> _EXERCISE INSTRUCTIONS_: Below are some entries. Repeat exactly the lines from the one with "DAVID WEBB 18K" through the one with "each earclip featuring", and only those.
*** RECORDS TO PROCESS ***
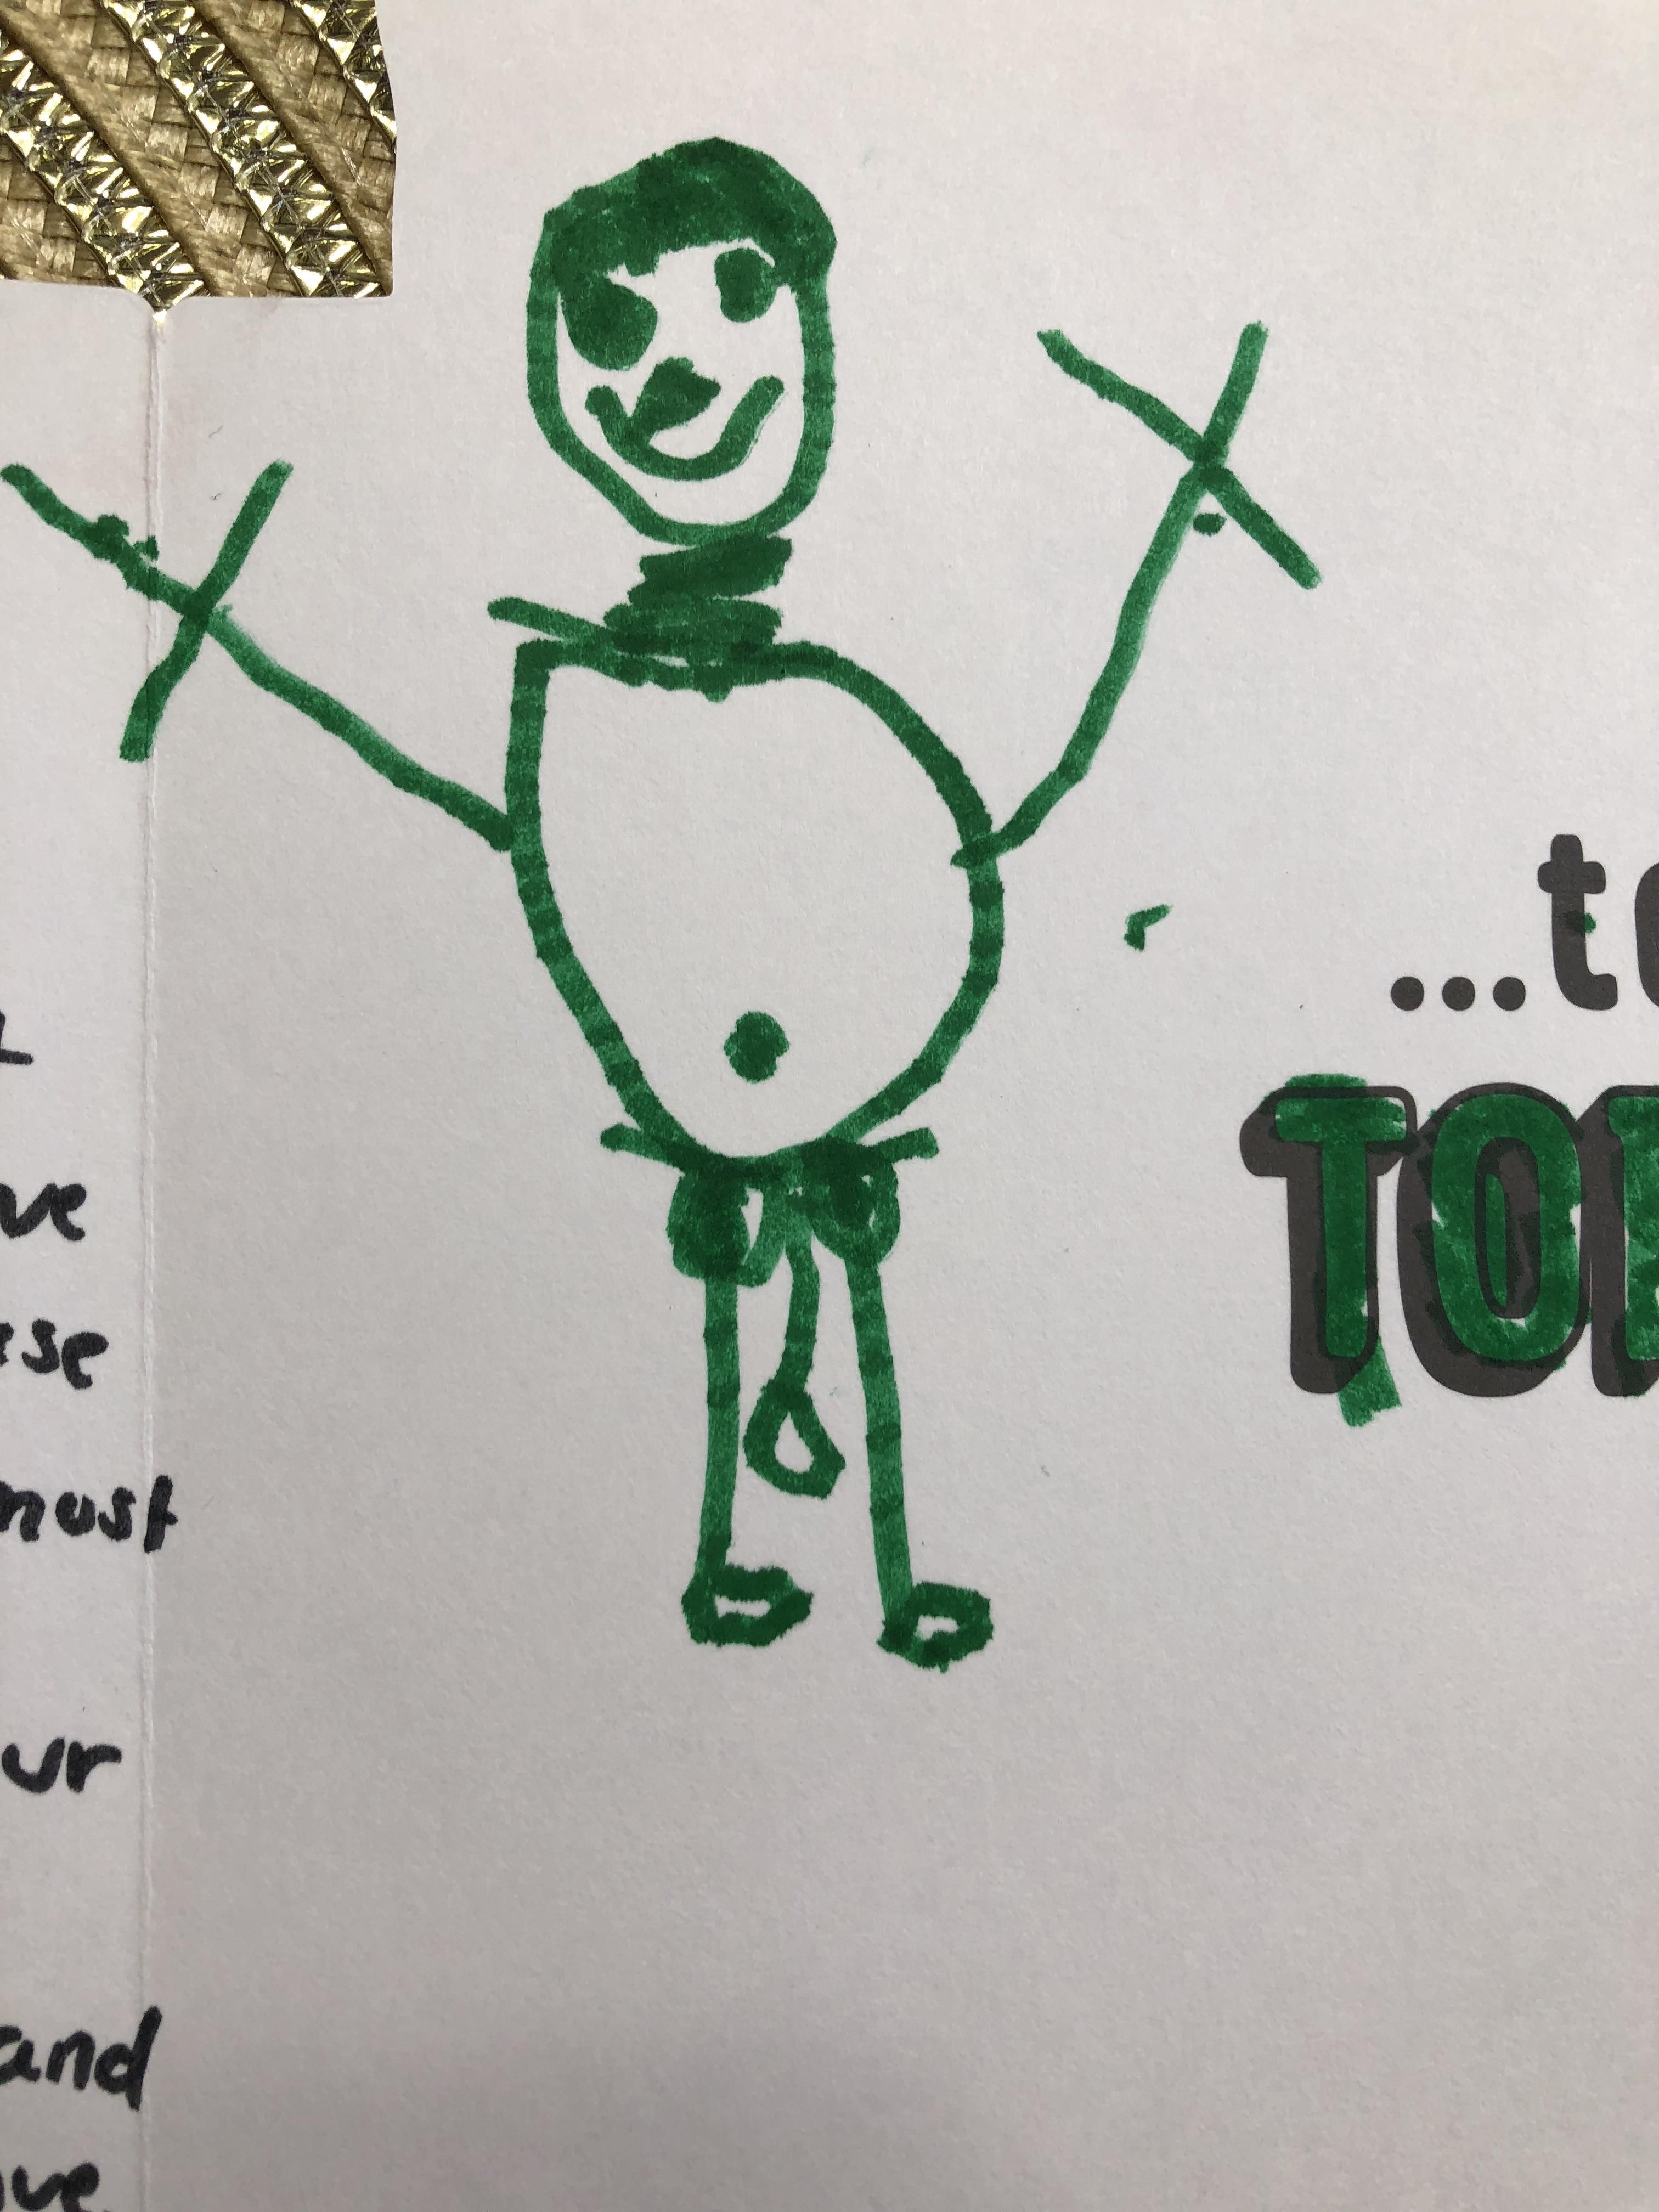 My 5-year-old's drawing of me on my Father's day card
*** End of RECORDS TO PROCESS ***
*** RECORDS TO PROCESS ***
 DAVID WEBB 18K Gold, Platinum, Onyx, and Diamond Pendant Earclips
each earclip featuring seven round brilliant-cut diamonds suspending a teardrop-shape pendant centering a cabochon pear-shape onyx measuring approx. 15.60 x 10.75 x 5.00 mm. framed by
*** End of RECORDS TO PROCESS ***
*** RECORDS TO PROCESS ***
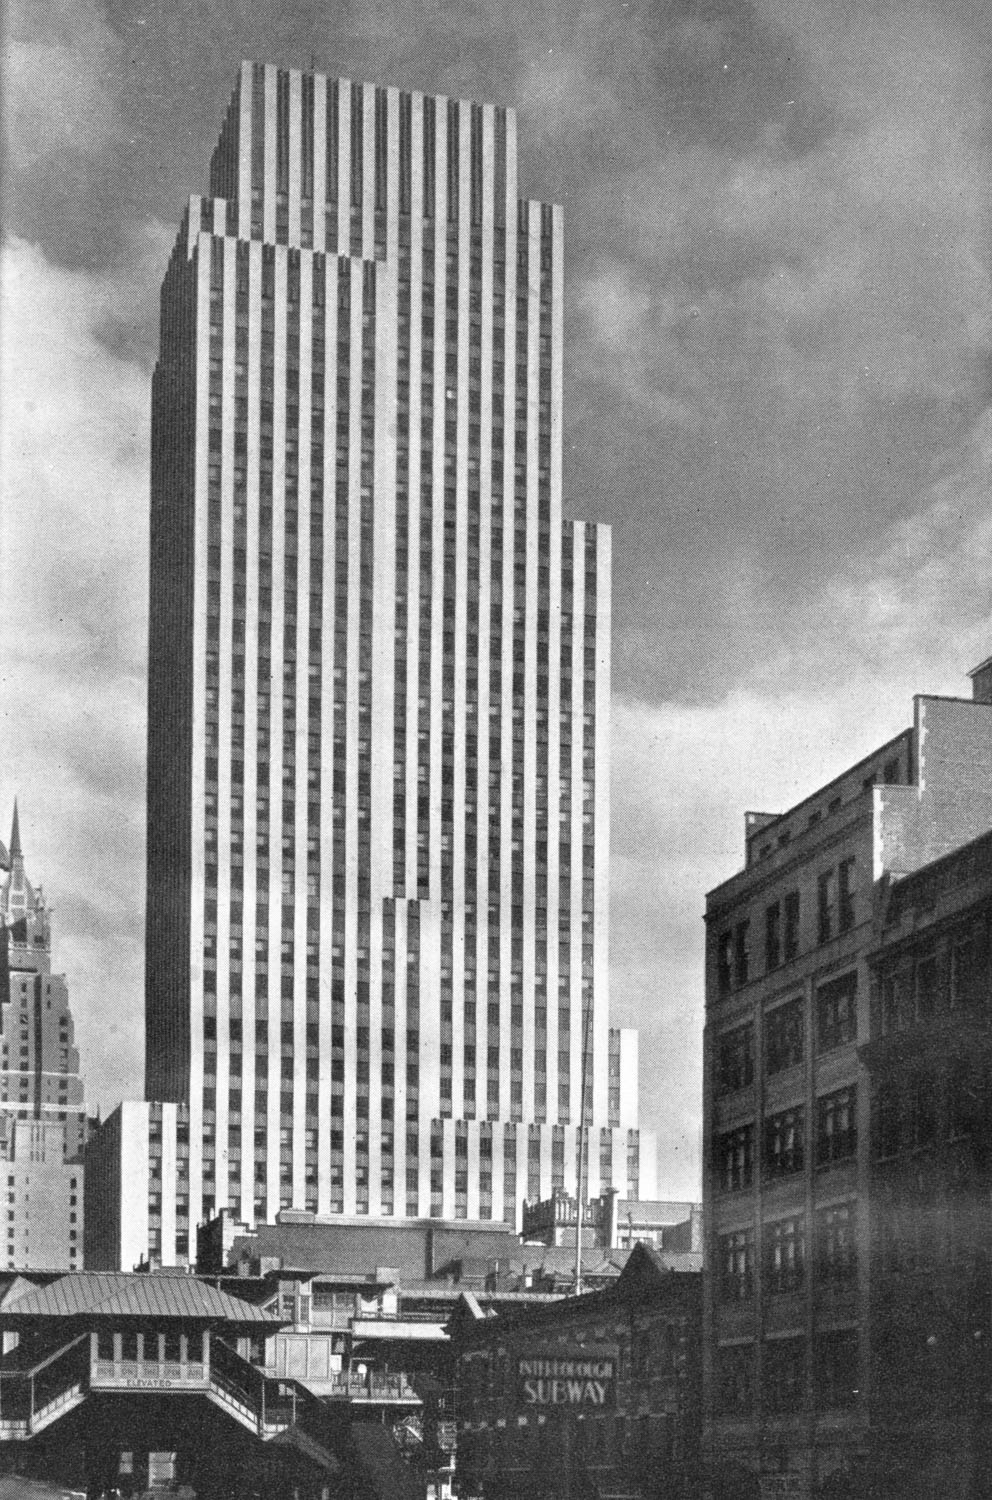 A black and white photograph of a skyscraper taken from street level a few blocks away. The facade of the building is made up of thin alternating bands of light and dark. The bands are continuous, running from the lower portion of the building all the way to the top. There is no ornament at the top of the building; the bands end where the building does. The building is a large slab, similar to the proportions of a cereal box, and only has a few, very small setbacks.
*** End of RECORDS TO PROCESS ***
> _WRITTEN SOLUTION_:
 DAVID WEBB 18K Gold, Platinum, Onyx, and Diamond Pendant Earclips
each earclip featuring seven round brilliant-cut diamonds suspending a teardrop-shape pendant centering a cabochon pear-shape onyx measuring approx. 15.60 x 10.75 x 5.00 mm. framed by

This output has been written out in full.